Jan Michels

Personal information
- Date of birth: 8 September 1970 (age 54)
- Place of birth: Deventer, Netherlands
- Position(s): Midfielder

Senior career*
- Years: Team / Apps / (Gls)
- 1990–1992: PEC Zwolle / 34 / (3)
- 1992–1998: Go Ahead Eagles / 170 / (20)
- 1998–1999: Motherwell / 7 / (0)
- 1999–2004: Den Bosch / 157 / (36)
- 2004–2006: Sparta Rotterdam / 43 / (1)
- 2006–2008: AGOVV / 29 / (0)
- 2008–2009: Excelsior '31

= Jan Michels =

Dutch former professional footballer (born 1970)

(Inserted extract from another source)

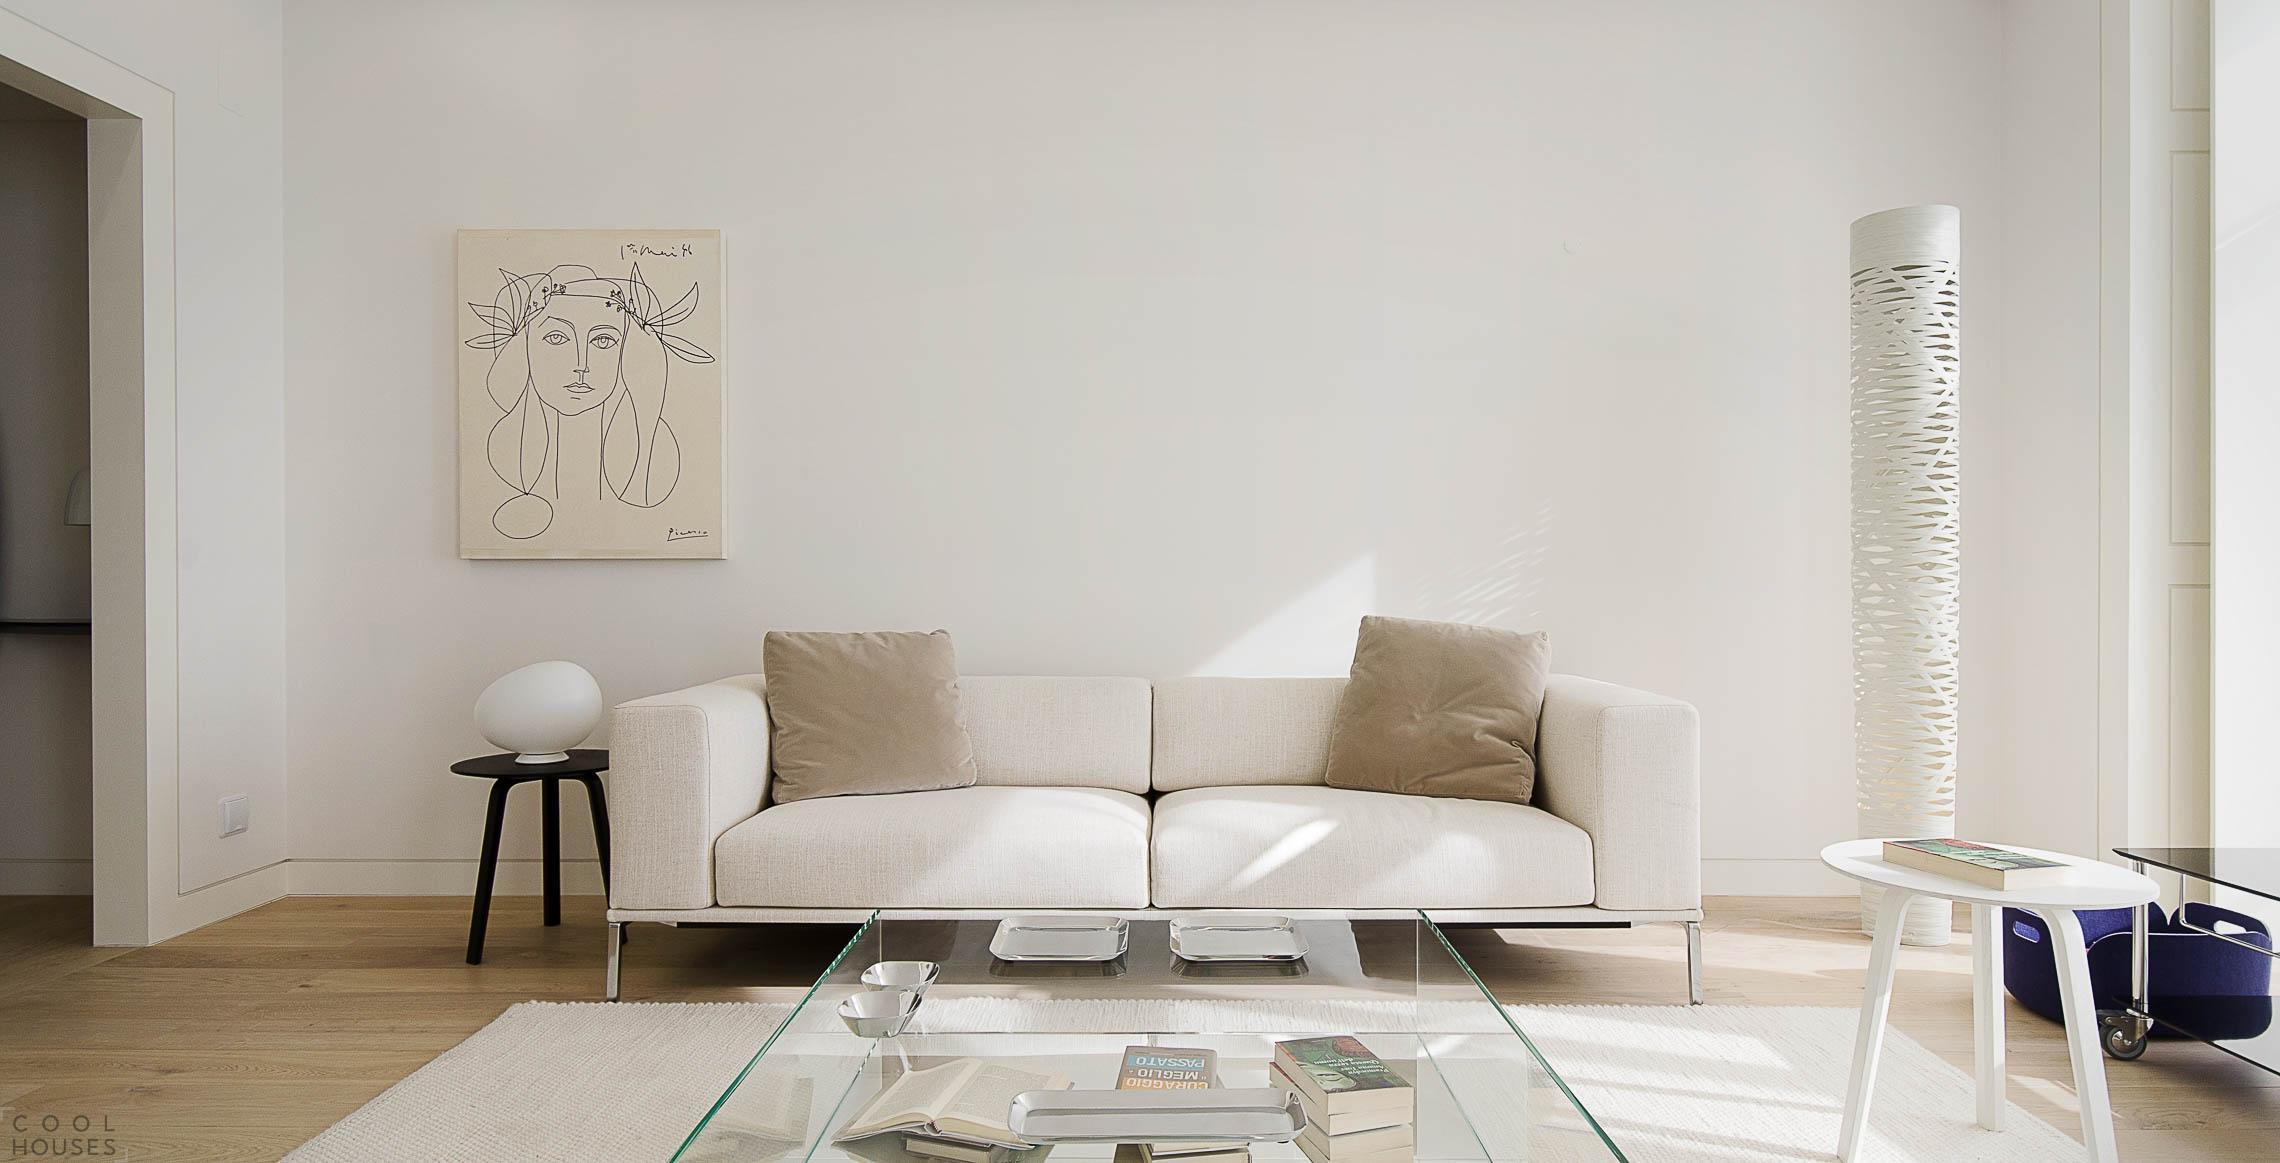 Элитный жилой комплекс с полностью меблированными квартирами, Португалия

Jan Michels (born 8 September 1970) is a Dutch former professional footballer who played as a midfielder. His first professional club was PEC Zwolle in 1990. He later played with the Go Ahead Eagles, Motherwell in Scotland, Sparta Rotterdam, FC Den Bosch and AGOVV Apeldoorn.

==Career==
He played five years for FC Den Bosch, winning promotion to the Eredivisie three times – in the 1998–99, 2000–01 and 2003–04 seasons. After playing two seasons with Excelsior '31, Michels announced his retirement from professional football in July 2010.

After his playing career, he started a construction company. Ahead of the 2020–21 season, he was appointed assistant coach of lower league club CSV Apeldoorn.